Abstract

The fractional operator in a space fractional advection-diffusion equation (FADE) plays a significant role in the mixing and vertical movement of sediment particles in a sediment-laden turbulent flow under non-local effects. Turbulent flow exhibits non-local mixing properties, which leads to the non-Fickian diffusion process that cannot be captured by the traditional diffusion equation. In this work, we present a generalized FADE that includes the generalized fractional differential operator in the Caputo sense. The full analytical solution is proposed utilizing the general Laplace transformation method. This generalized solution contains weight and scale functions and includes the effects of non-locality. It has been shown that several existing famous models of suspension concentration distribution for sediment particles (including both type-I and type-II distributions) in turbulent flows can be obtained from the proposed generalized solution with proper choices of the scale and weight functions in particular. Here a total of fourteen different types of concentration distribution equations including type-I and type-II profiles are derived from the general solution.
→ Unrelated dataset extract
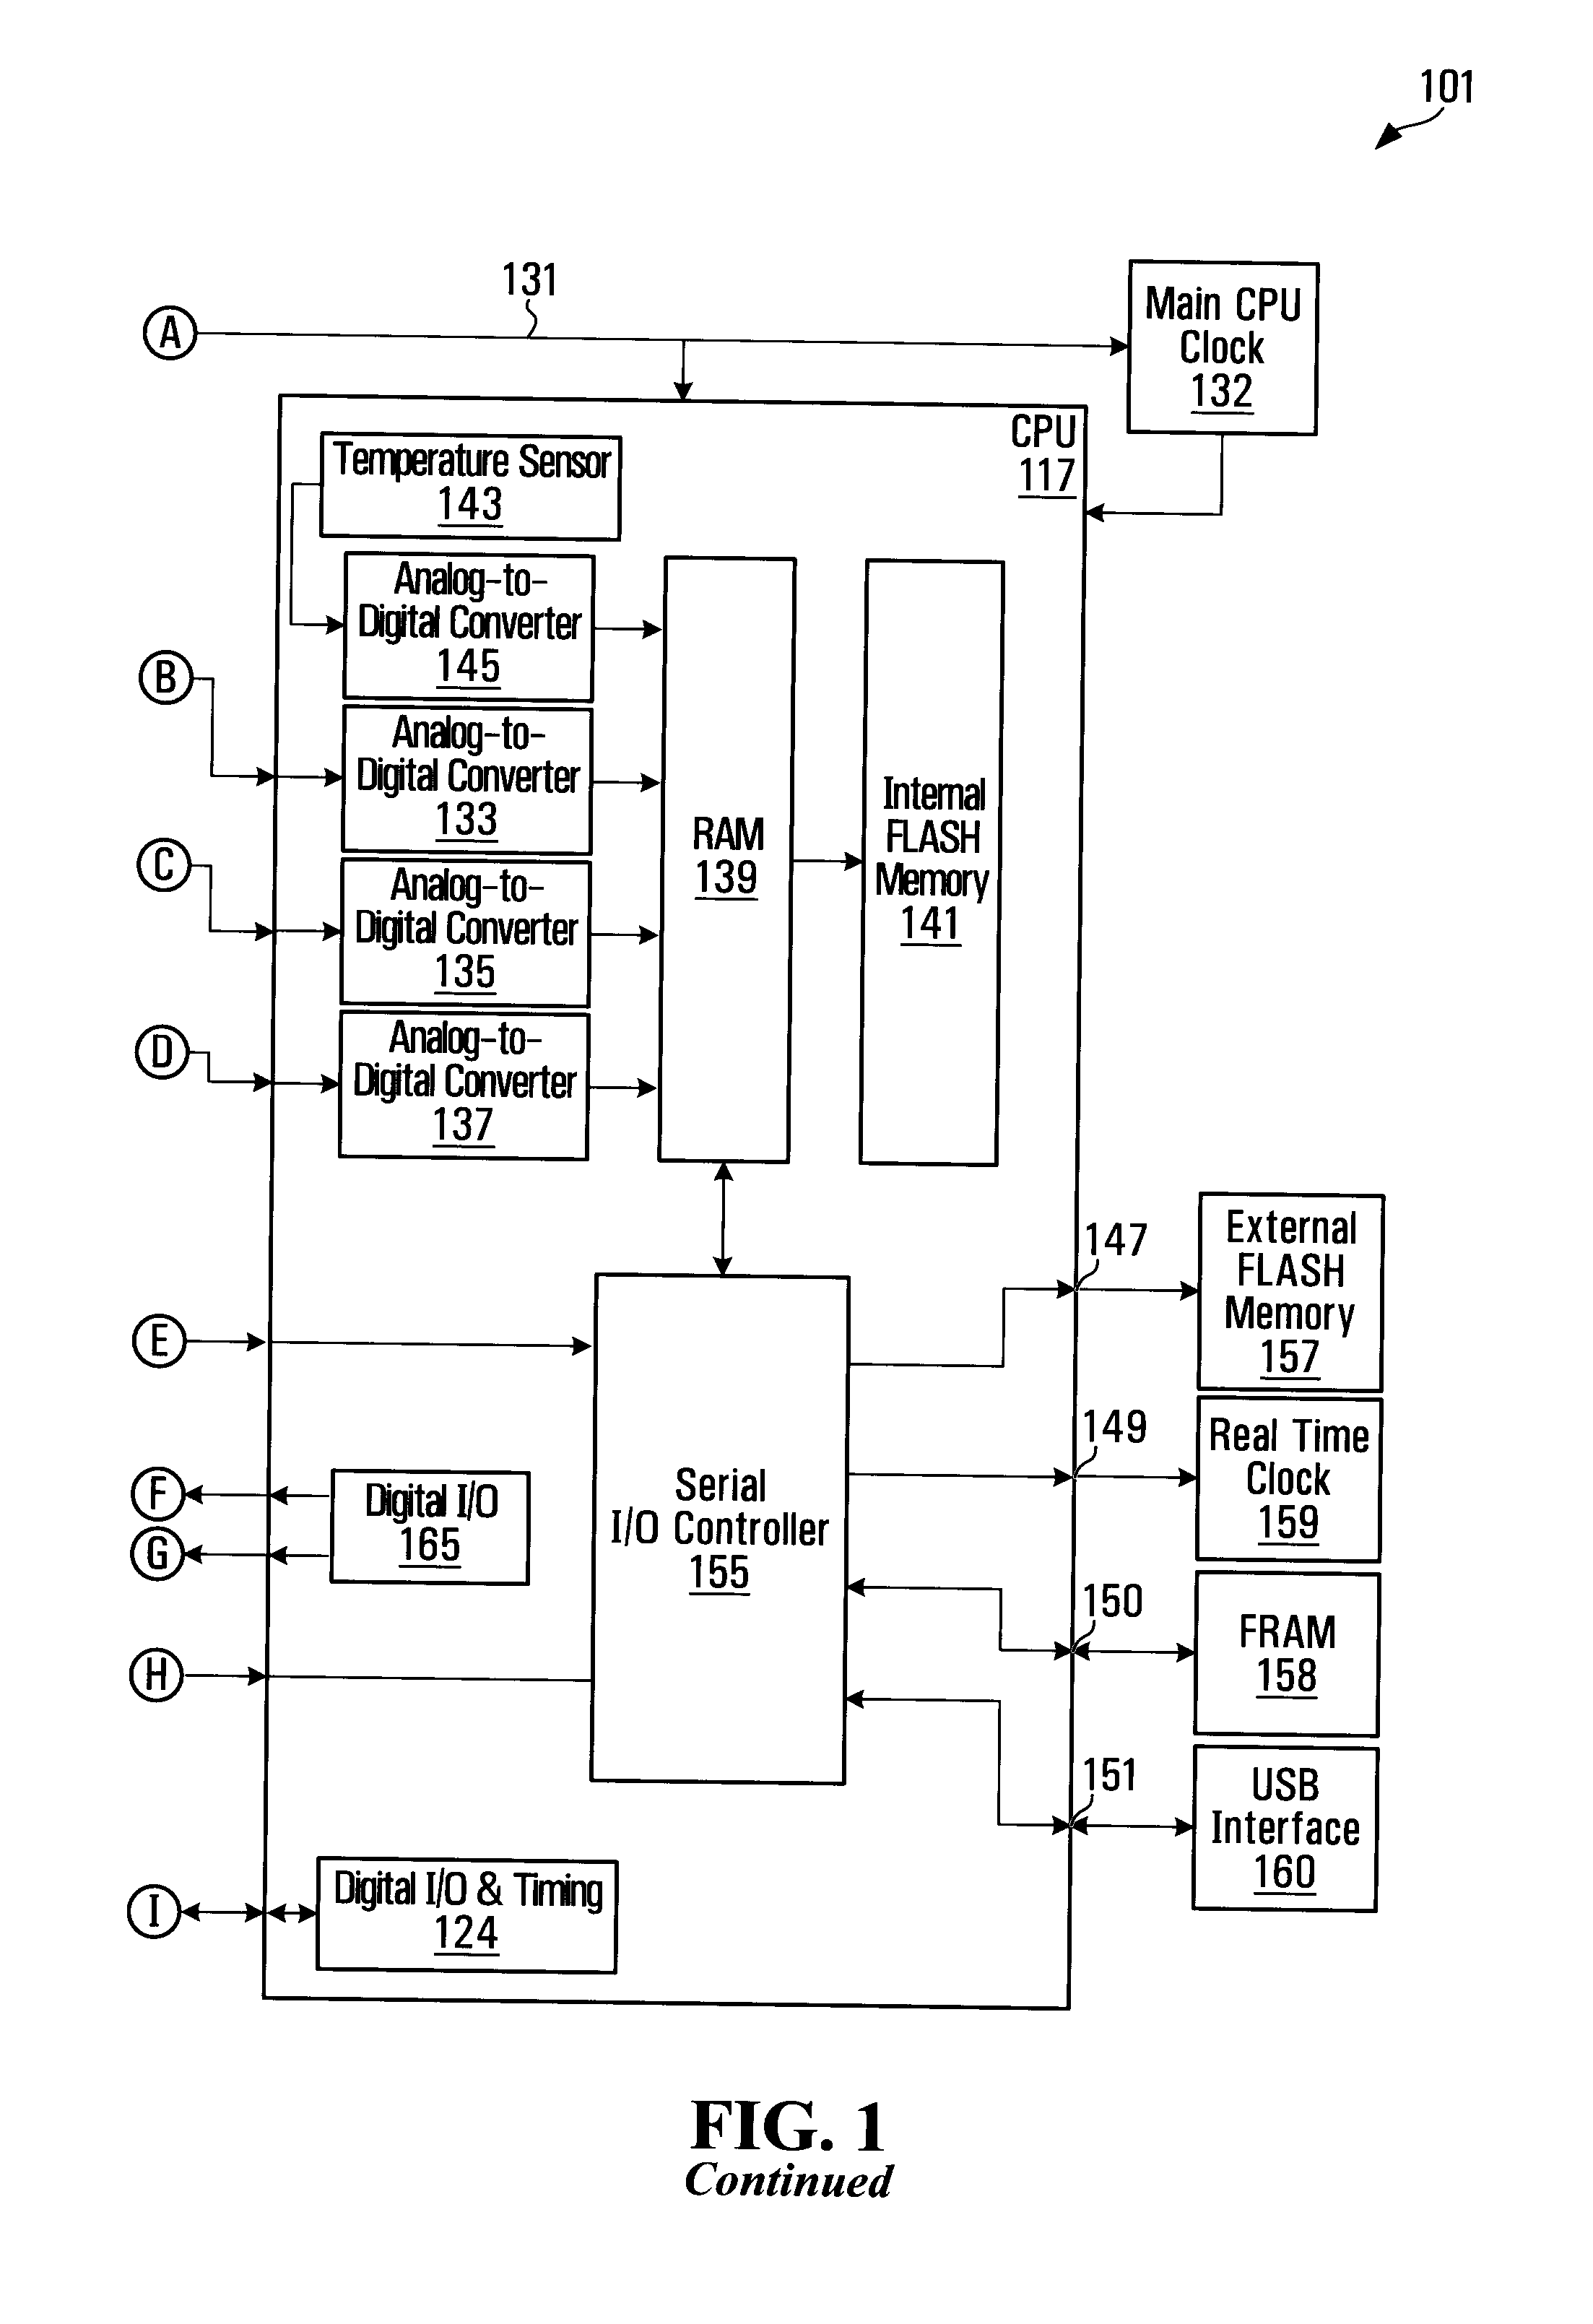 Apparatus and Method for Measuring and Recording Data from Violent Events

Further possible generalizations of the model are also discussed which are more useful for practical applications. It is found that the several existing sediment distribution models are equivalent up to choices of weight and scale functions. Further, we found that the scale function could be physically related to the characteristic Lagrangian length of sediment mixing. The choice of the scale and weight function for both the type-I and type-II profiles are discussed and analyzed. Finally, the model is validated with experimental data as well as field data from the Missouri River, Mississippi River, and Rio Grande conveyance channels, and in each case, satisfactory agreements are obtained. These suggest the broader applicability of the present study.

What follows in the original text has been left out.